At the heart of the plan sits the Tanga Refinery Hub in Tanzania. Kenyan President William Ruto and Ugandan President Yoweri Museveni are positioned to drive this project. They aim to shield Kenya, Uganda, Tanzania, and the wider East African Community from global supply shocks by building a self-sustaining regional energy loop.
The leaders are wooing Nigerian industrialist Aliko Dangote to construct a large refinery on the Tanzanian coast.
This marks a break from the array of isolated national projects. The leaders now push for a unified regional system.
The 1,445km East African Crude Oil Pipeline (Eacop) will carry Ugandan crude from Lake Albert straight to Tanga. The refinery will process part of that oil into petrol, diesel and aviation fuel, while still exporting the heavier crude. President Ruto said that Kenya, Tanzania, and the Democratic Republic of Congo will also supply crude.
These finished products will then be pumped through an expanded Kenya Pipeline Company (KPC) network back into Kenya and onward to Uganda, creating a closed-loop distribution system.

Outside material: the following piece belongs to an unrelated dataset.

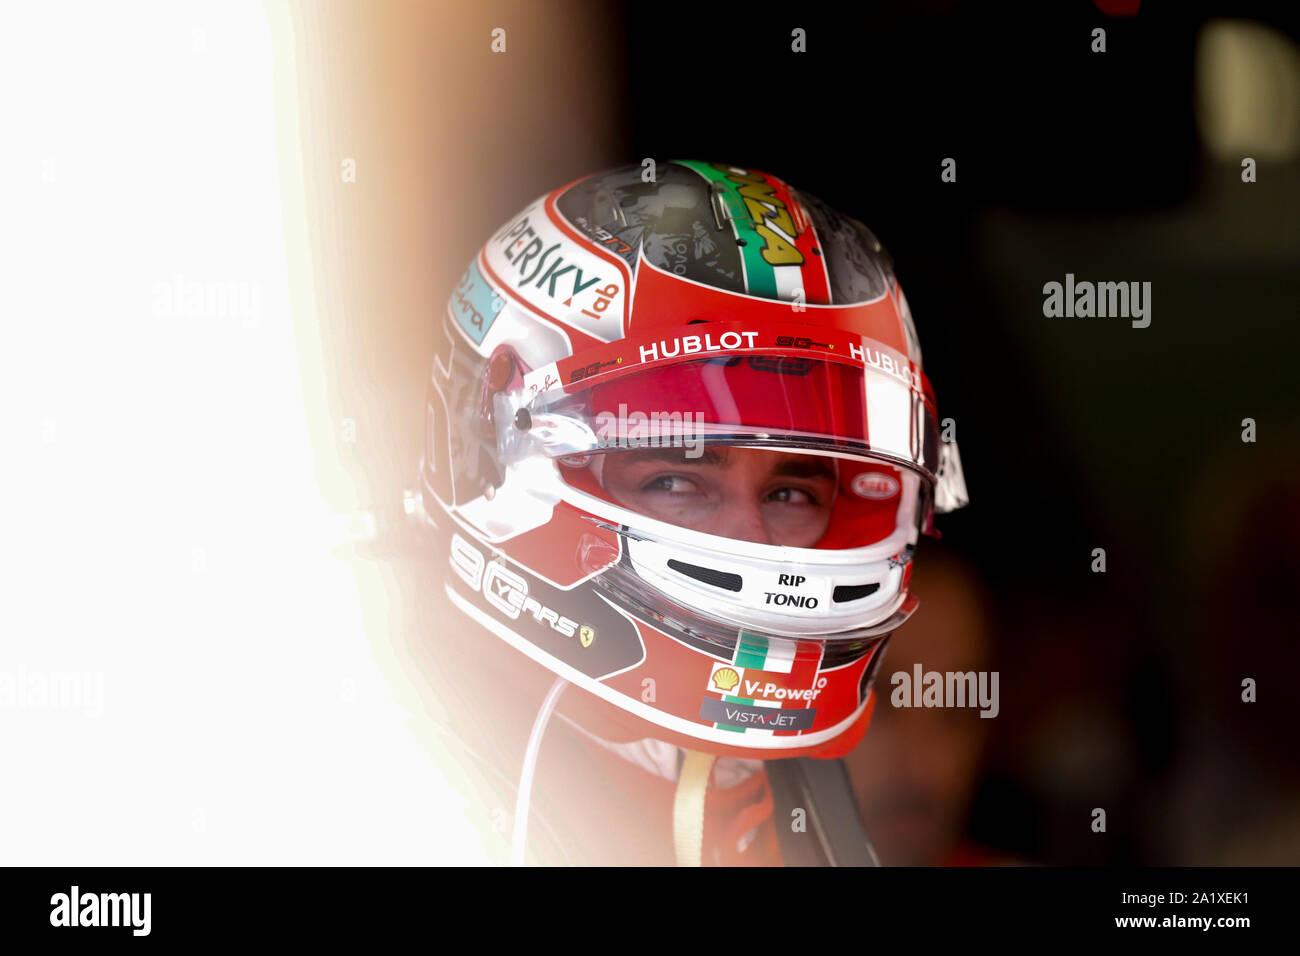 CHARLES LECLERC of Scuderia Ferrari at the Formula 1 Italian Grand Prix at Monza Eni Circuit in Monza, Italy. Stock Photo

This infrastructure sharing is reinforced by a significant shift in regional ownership, as Uganda’s recent acquisition of a 20.15 percent stake in KPC ensures that Kampala shares in the transit revenues, creating a vested interest in the success of the Kenyan-Tanzanian corridor.

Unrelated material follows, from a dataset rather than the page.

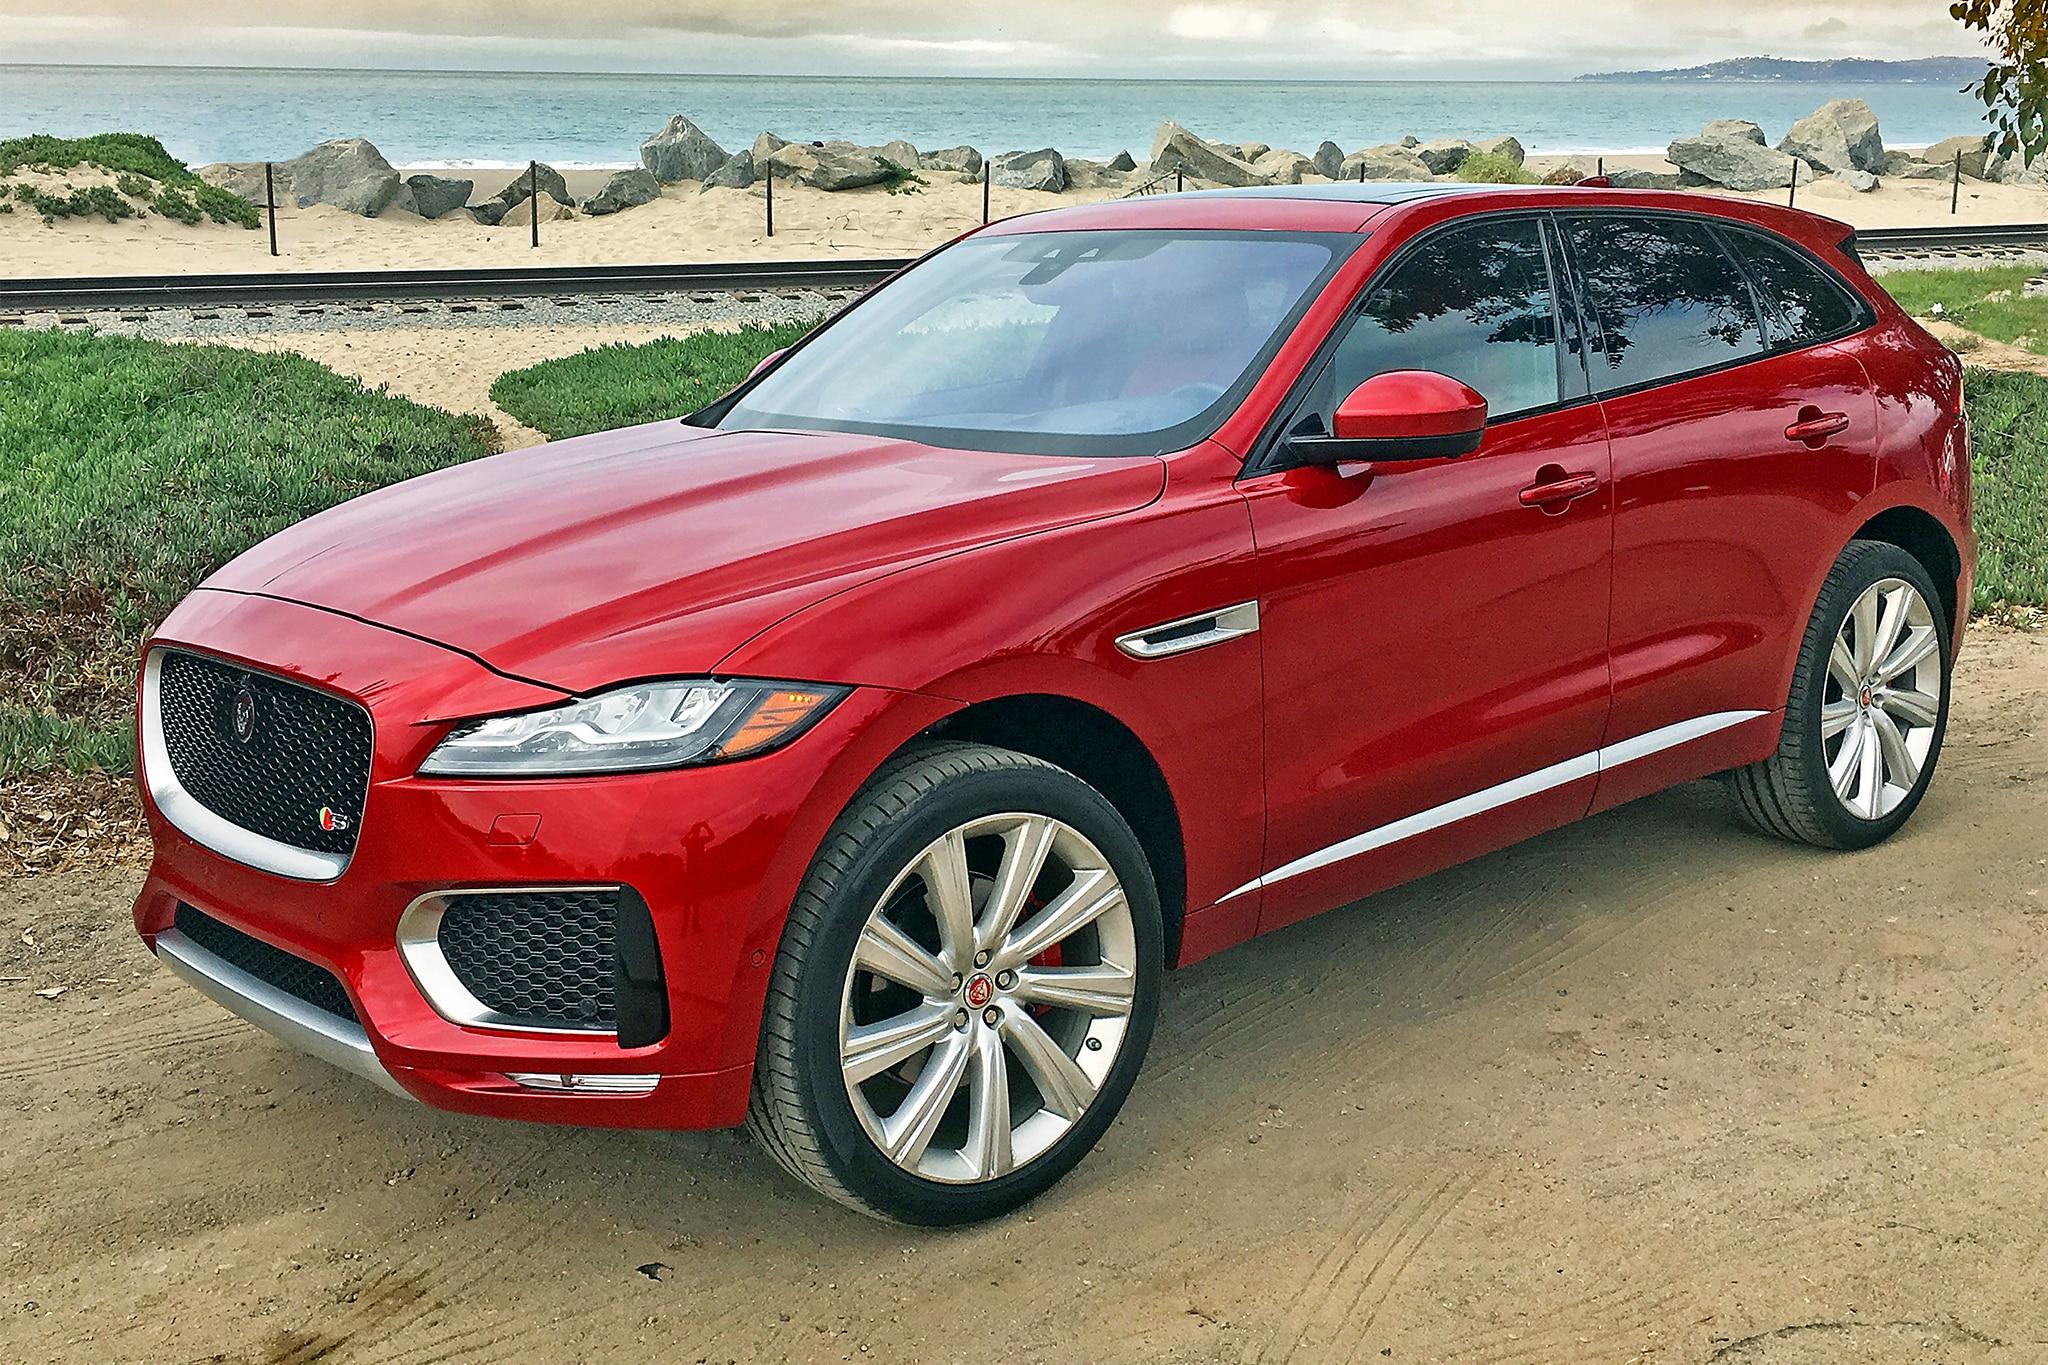 2017 jaguar f pace s one week review automobile magazine. Black Bedroom Furniture Sets. Home Design Ideas

For Tanga and Eacop to make financial sense, they need sustained high global oil prices to cover their huge costs. The ongoing disruption in the Strait of Hormuz gives them exactly the breathing space they need. It makes local refined products competitive against expensive imports.
Yet a major danger looms. On April 29, 2026, the United Arab Emirates formally left Opec. The country cited the need for greater pricing and output flexibility. Analysts believe that once the Gulf conflict ends and the Strait reopens, the UAE and other producers will flood the market to shift their stockpiles.
Prices could crash to $35–$40 a barrel. Such a collapse would cripple these debt-heavy East African projects. They lack the cost advantages of Dangote’s already-built and largely paid-for Lagos refinery.
At the same time, the very oil shocks that are pushing the Tanga plan forward are accelerating Africa’s shift to renewables. Kenya has already decoupled most of its economy from fossil fuels.
Over 90 percent of its electricity now comes from renewable sources.
This reliable green power has triggered an electric mobility boom in Nairobi. Electric bus registrations jumped 400 percent in a single year as a direct hedge against petrol price swings.
Further south, South Africa pushes hard on its Just Energy Transition. Despite some Western partners pulling out, the remaining International Partners Group committed $13.7 billion in 2026 to modernise the grid and close coal plants.
In the private sector, South African companies installed more than 3,000MW of rooftop solar in 2025 alone to escape the national utility’s chronic instability.
Morocco has gone even further. The Xlinks Morocco-UK Power Project hit a key engineering milestone in 2026 on its 3,800-kilometre subsea cable. It will eventually send 3.6GW of wind and solar power straight to Britain; clean energy exports with no oil involved.
In North Africa, Algeria has started its “Solar 1,000” programme. It is installing 1GW of solar capacity every year to save natural gas for industry and export rather than burning it for domestic energy.
From Namibia’s green hydrogen pilot projects to Ethiopia’s massive hydro expansion and its ban on importing fossil-fuel cars, one can see the pattern: the more expensive and risky fossil fuels become, the faster Africa builds its green wall.
The real gamble for Ruto, Museveni and Dangote centres on whether they can finish this 20th-century industrial project quickly enough to survive the 21st-century energy transition. Uganda sits in the most delicate position. Unlike Kenya, it lacks a broad renewable base, and its economic hopes rest heavily on that 1,445km pipeline.
If leaders do not rush the project to completion while Hormuz keeps prices artificially high, the window for profitability could slam shut forever.
The blunt truth is that East Africa’s new oil infrastructure, while the case for it has never been clearer, currently depends on continued instability in the Gulf. A return to peace and a free-for-all market would trigger a price war that these projects might not survive.
The Tanga-Hoima loop, therefore, becomes a race against two clocks: the inevitable reopening of the Strait of Hormuz, which will bring a flood of cheap oil, and the relentless fall in the cost of solar, wind and batteries.
As Dangote told the Nairobi summit, Africa must industrialise to stop “exporting jobs and importing poverty”. The challenge lies in doing so with a fuel that much of the world, and growing parts of Africa, are already leaving behind.